Freddie Mercury – Killer Queen

But of course, the title of world’s greatest diva would go to a man, but deservedly, that man is Freddie. Checking all the boxes for diva immortality, the Queen frontman not only played hard, out-Gagging Gaga herself in legendary diva behaviour, but also worked hard, writing and performing some of rock music’s greatest and most unforgettable songs.
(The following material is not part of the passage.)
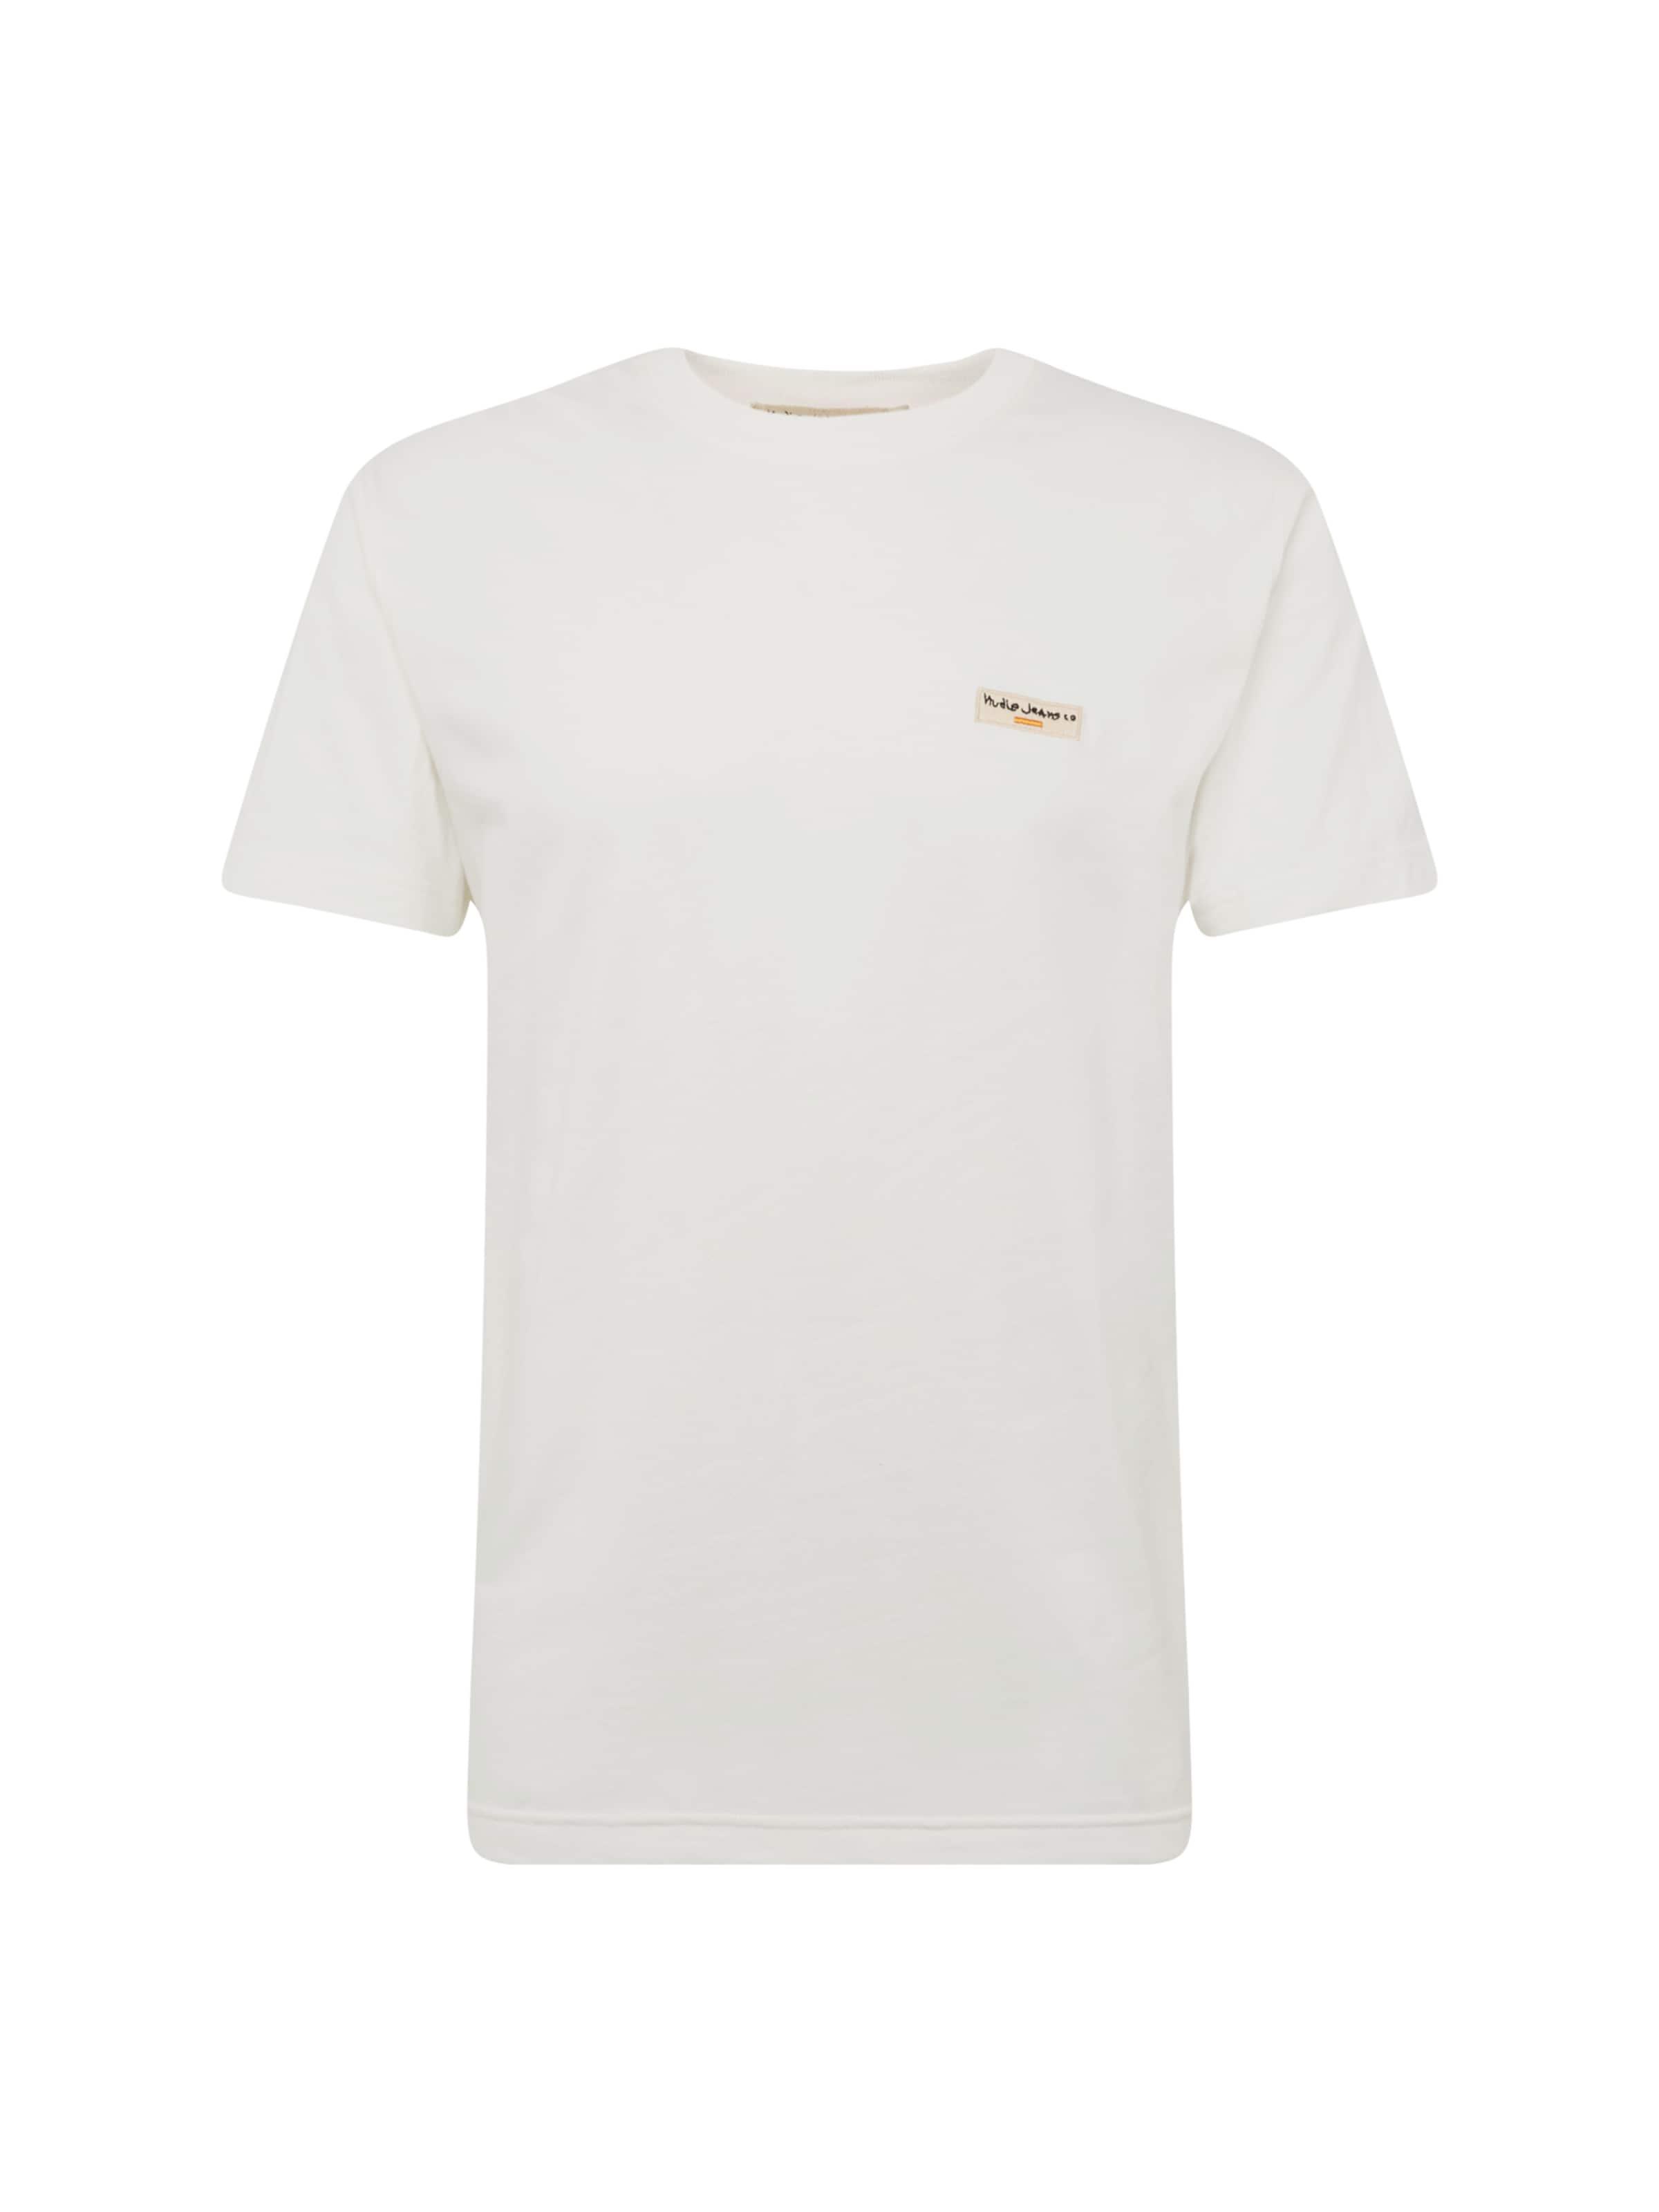 Blanc Jeans 'daniel shirt Cassé En Co Nudie T Logo' 8OPnwk0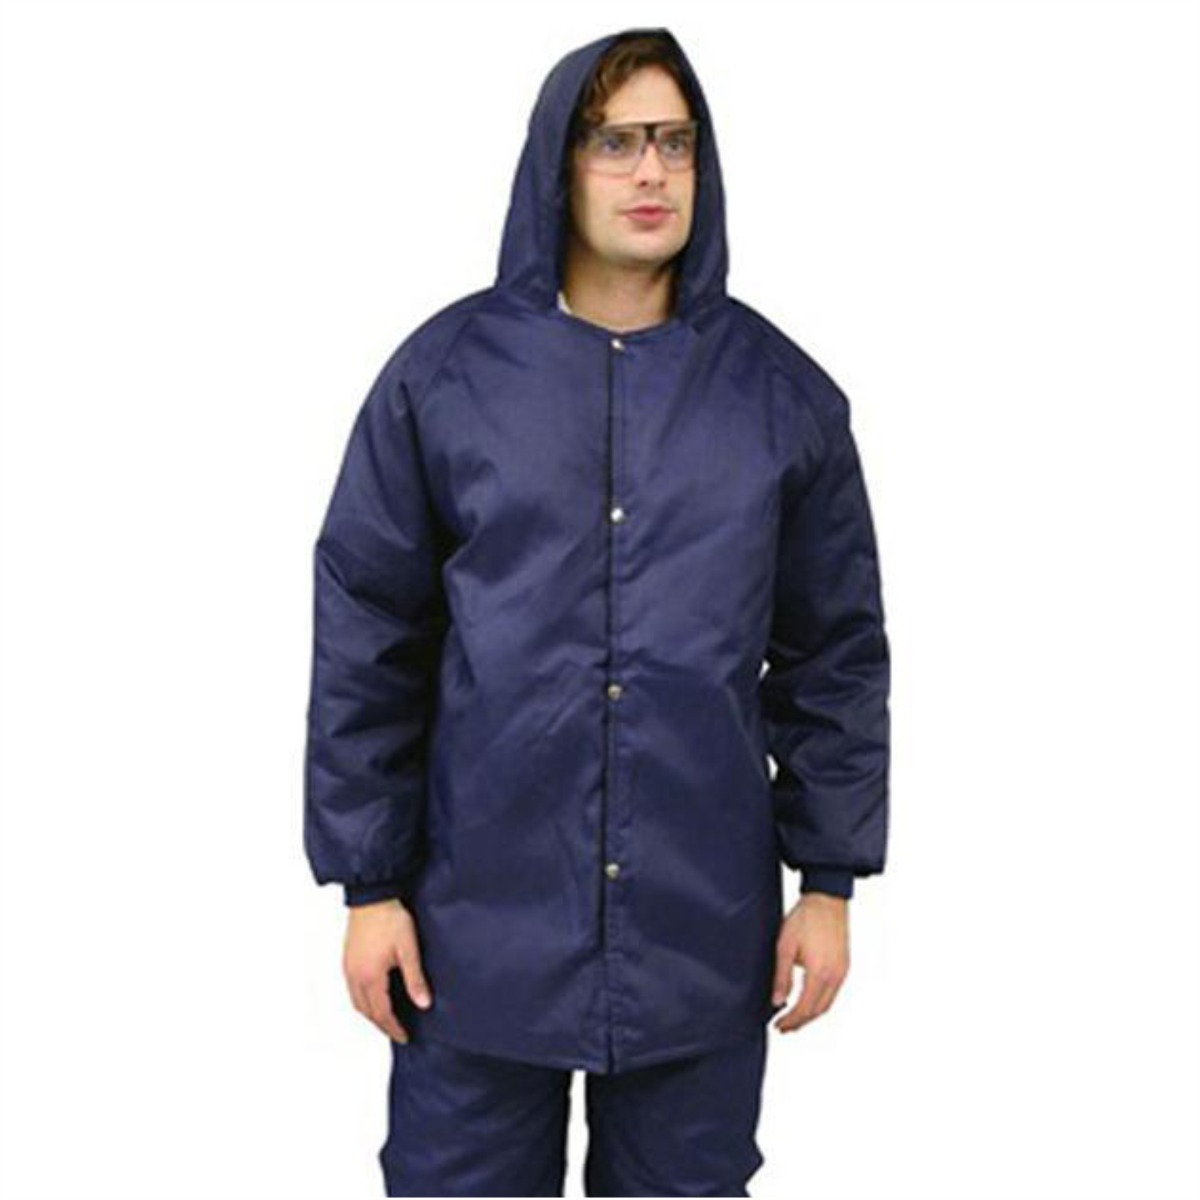 38618943a5836 Blusa Térmica Maicol Azul -35 Graus Camara Fria - R  89

Singlehandedly changing the way rock music is played – multi-genre mini rock operas, innovative recording techniques – and consumed – embracing the importance of image and theatricality in music video and live performance, there was and still is only one Freddie Mercury, often imitated, but never replicated and never to be replaced. Killer Queen is an early example – from the 1974 album Sheer Heart Attack – of Queen’s multi-layered music performance and Freddie’s enigmatic, energetic lyrics. The group would go on to greater, more illustrious heights, but this is evidence that the true Freddie Mercury flash and style was always there, just waiting for the world to catch up.